[[ The data open ]]

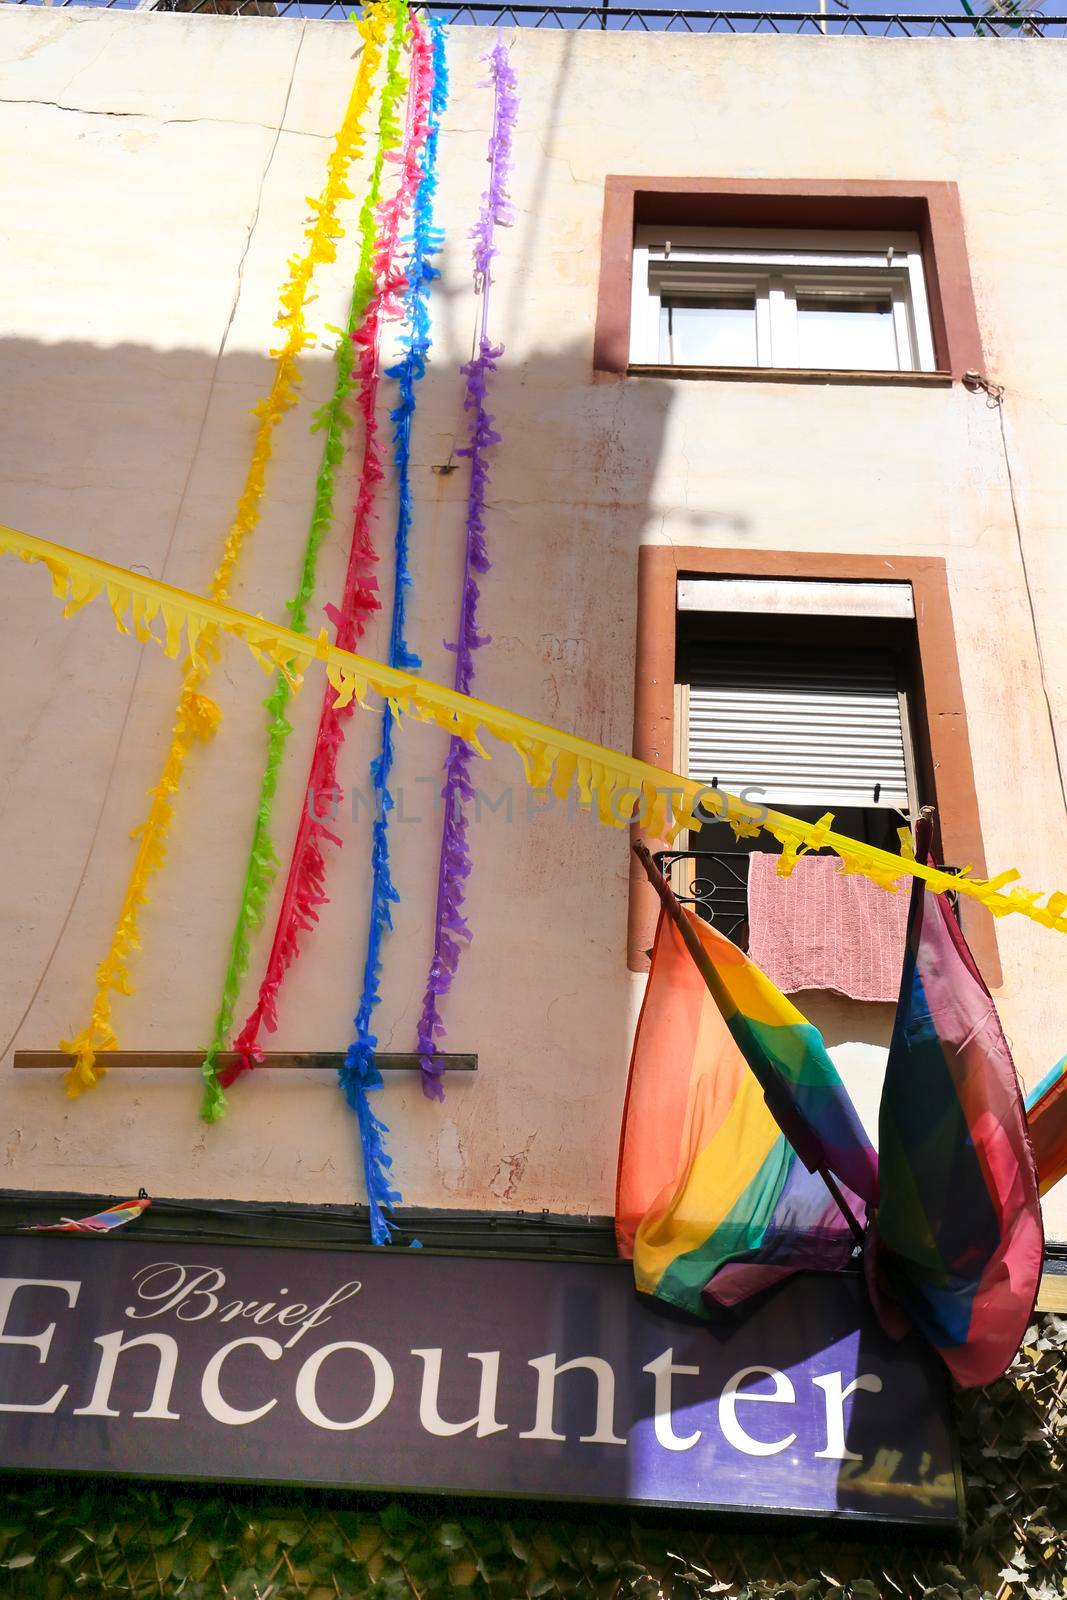 Benidorm, Alicante, Spain- September 10, 2022: Streets and facades adorned with colorful rainbow flags for The Gay Pride in Benidorm
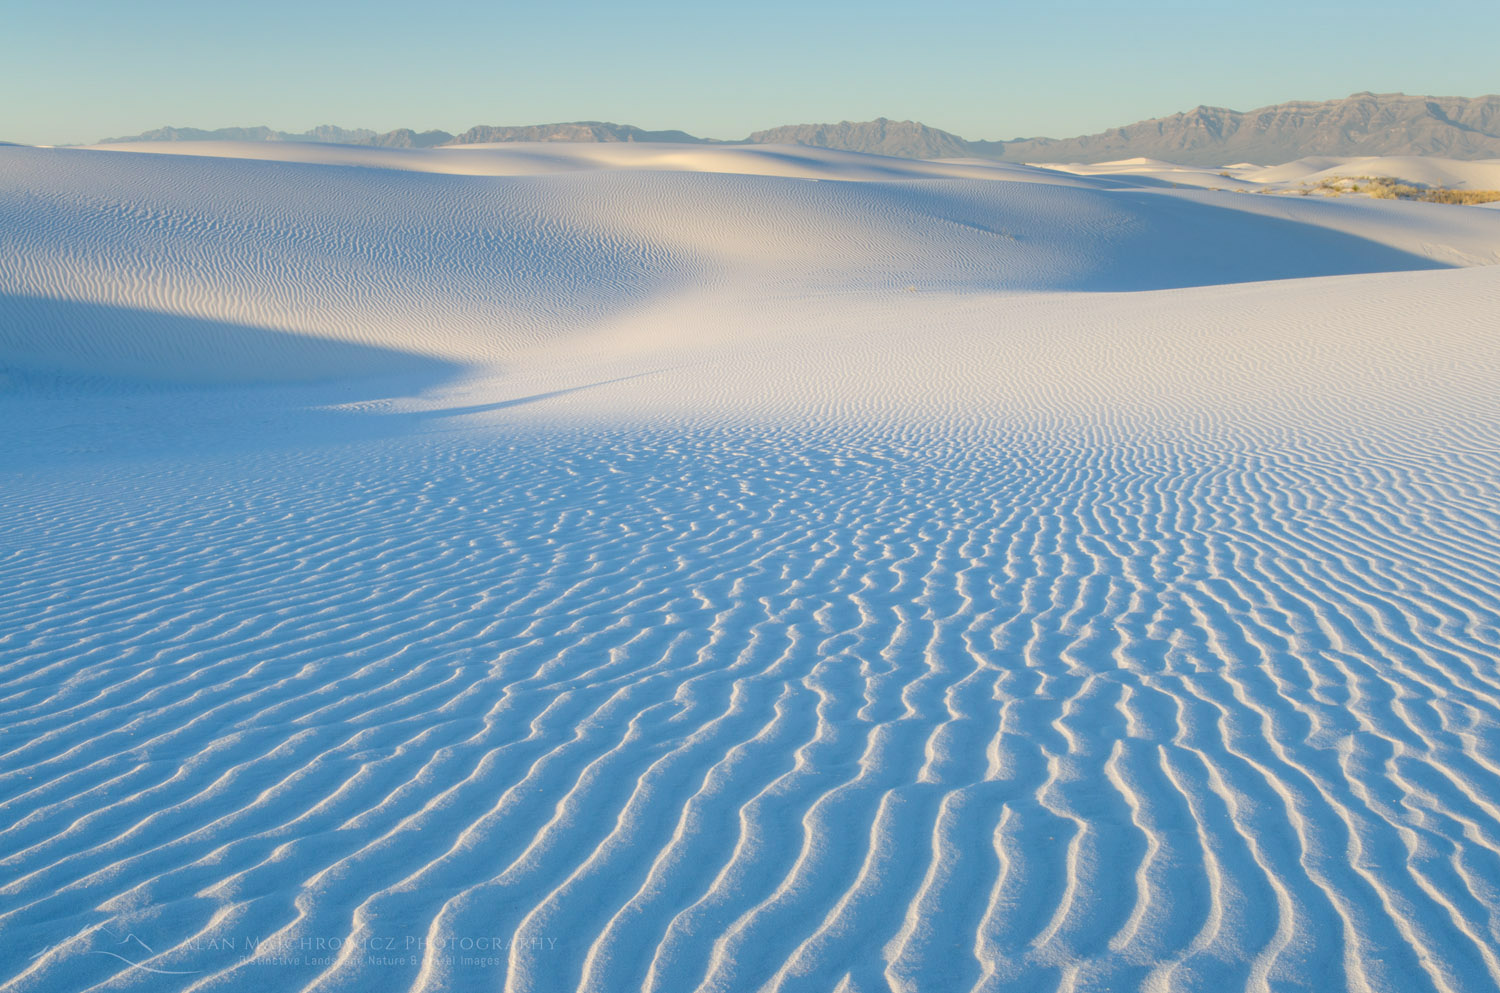 Ripple patterns in gypsum sand dunes, White Sands National Park New Mexico #57034
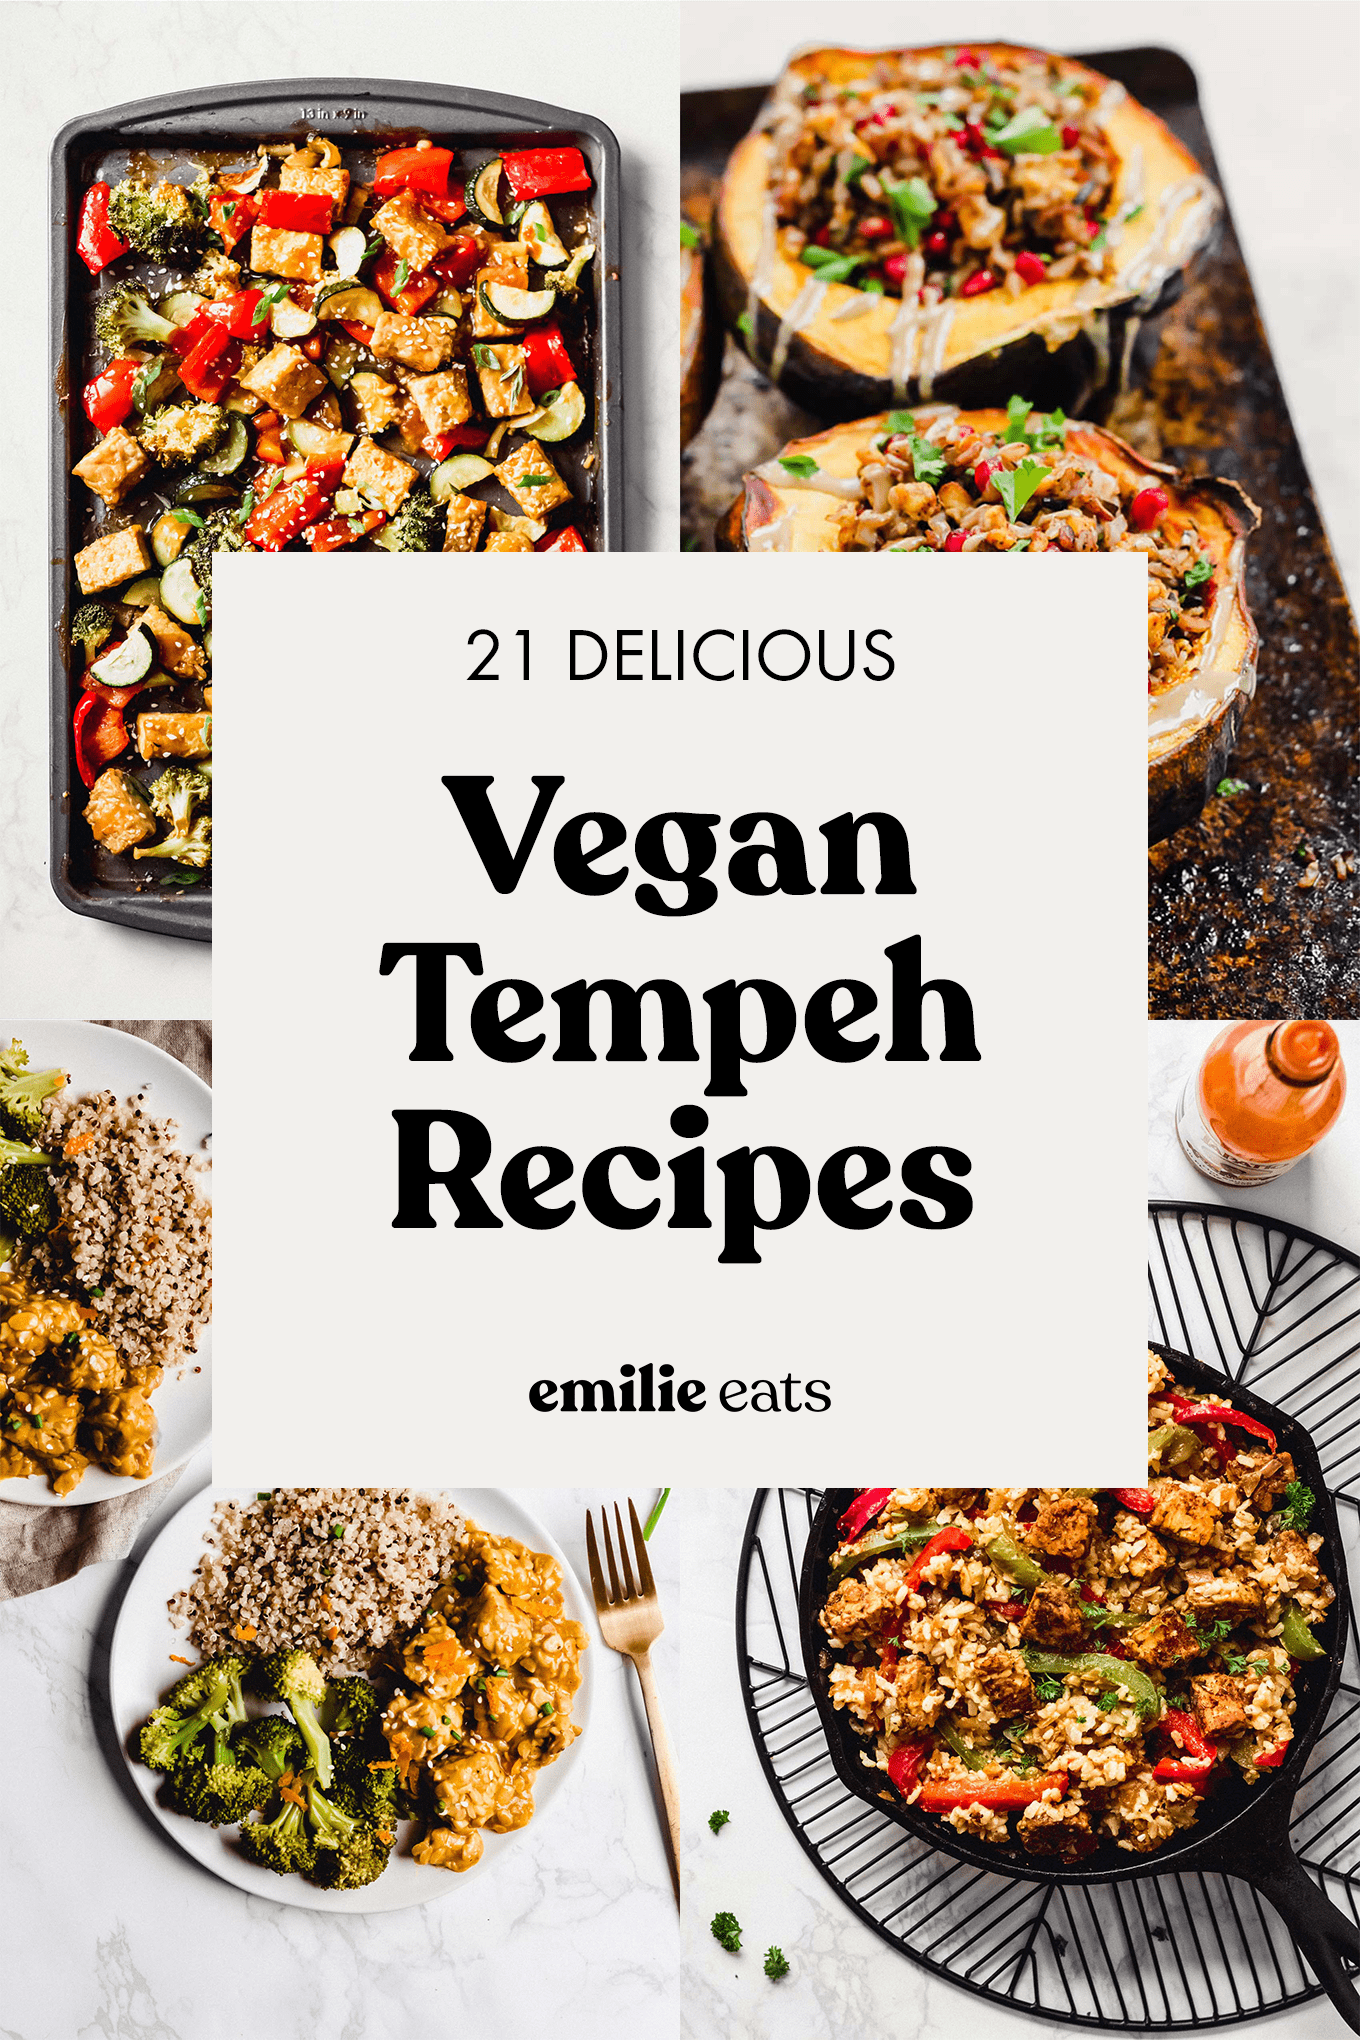 https://www.emilieeats.com/wp-content/uploads/2019/02/21-vegan-recipes-with-tempeh-healthy-dinner-easy-protein-hero.png

[[ The data closed ]]

§ What to produce
Transcribe the whole of the data exactly, minus any pictures.

§ Task response
 Benidorm, Alicante, Spain- September 10, 2022: Streets and facades adorned with colorful rainbow flags for The Gay Pride in Benidorm
 Ripple patterns in gypsum sand dunes, White Sands National Park New Mexico #57034
 https://www.emilieeats.com/wp-content/uploads/2019/02/21-vegan-recipes-with-tempeh-healthy-dinner-easy-protein-hero.png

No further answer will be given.